Economists believe borrowing costs are likely to fall further in Canada, especially if Trump tears up the free trade agreement between the United States and its northern neighbor and Mexico.
“With the recent tough talk about trade coming from south of the border, the market has increasingly taken into account the possibility that Canada will need another significant cut,” said Chris McHaney, head of investment management and strategy at Global X Investments Canada.
Nathan Janzen, an economist at the Royal Bank of Canada, said the interest rate cuts were the central bank “releasing the brakes on the economy rather than stepping on the gas.”
“Canada's economic backdrop has not yet collapsed in a way that would cause the Bank of Canada to panic, but it is also clear that interest rates are higher than they need to be for inflation to remain at the central bank's 2 per cent target.” He said.

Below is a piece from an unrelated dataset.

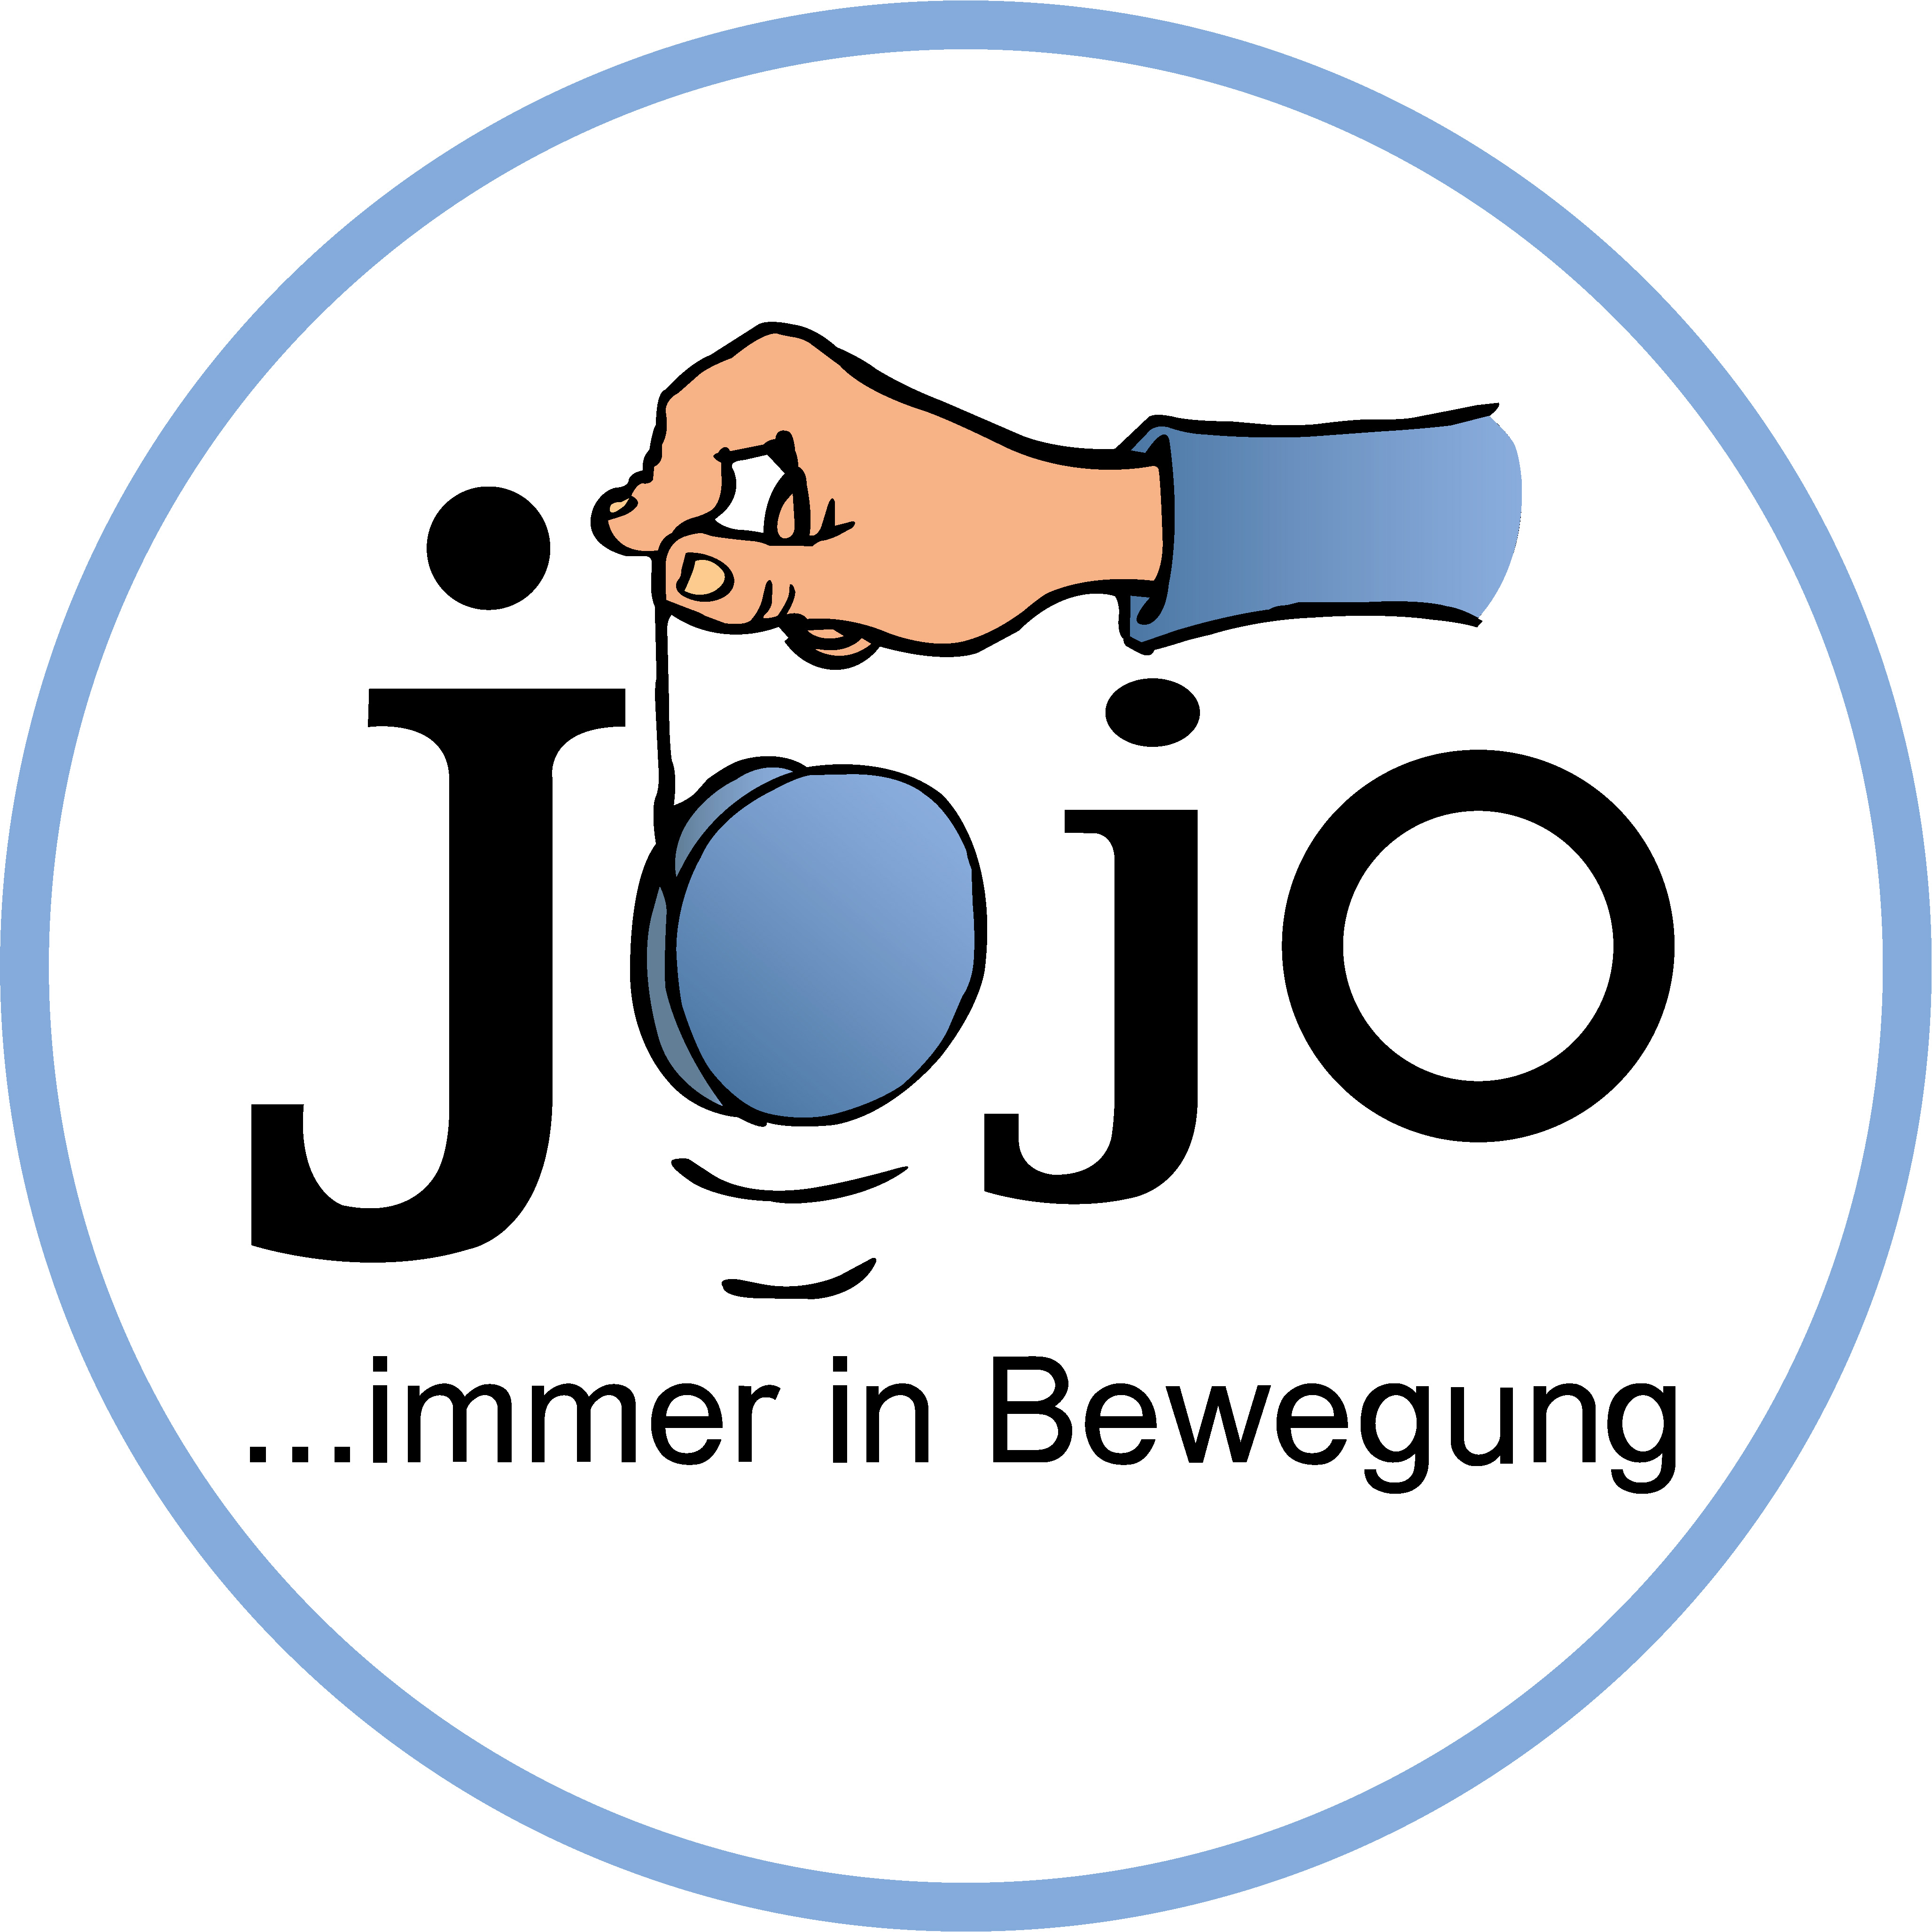 Jojo education
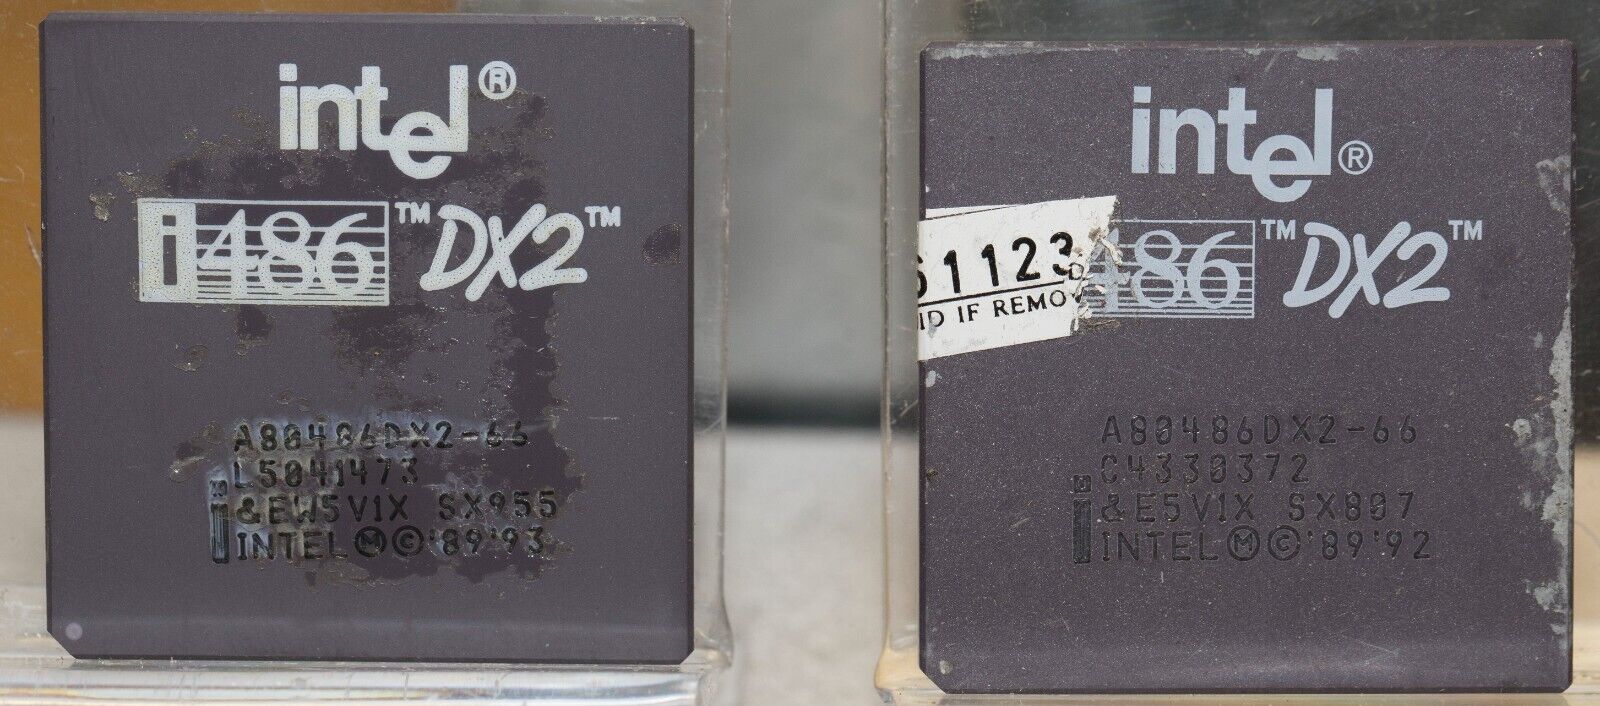 Vintage Intel 486DX2-66 Processor A80486DX2-66  Socket 3 Gold

Although back-to-back cuts mean good news for Canadian homeowners, higher unemployment and lower growth dominate the less impressive outlook.
Canada's official data agency reported last Friday that the unemployment rate rose to 6.8 percent, compared to 6.5 percent. At the end of November, Statistics Canada said the economy grew at an annual rate of 1 per cent in the third quarter, with the expansion largely due to higher government spending.
Macklem said there were “mixed signals in the data”, but added that the G7 economy was not contracting.
“We have not seen widespread layoffs or widespread job losses as is usually the case in recessions,” he said. “We are not anticipating a recession. Our baseline is that the economy continues to grow.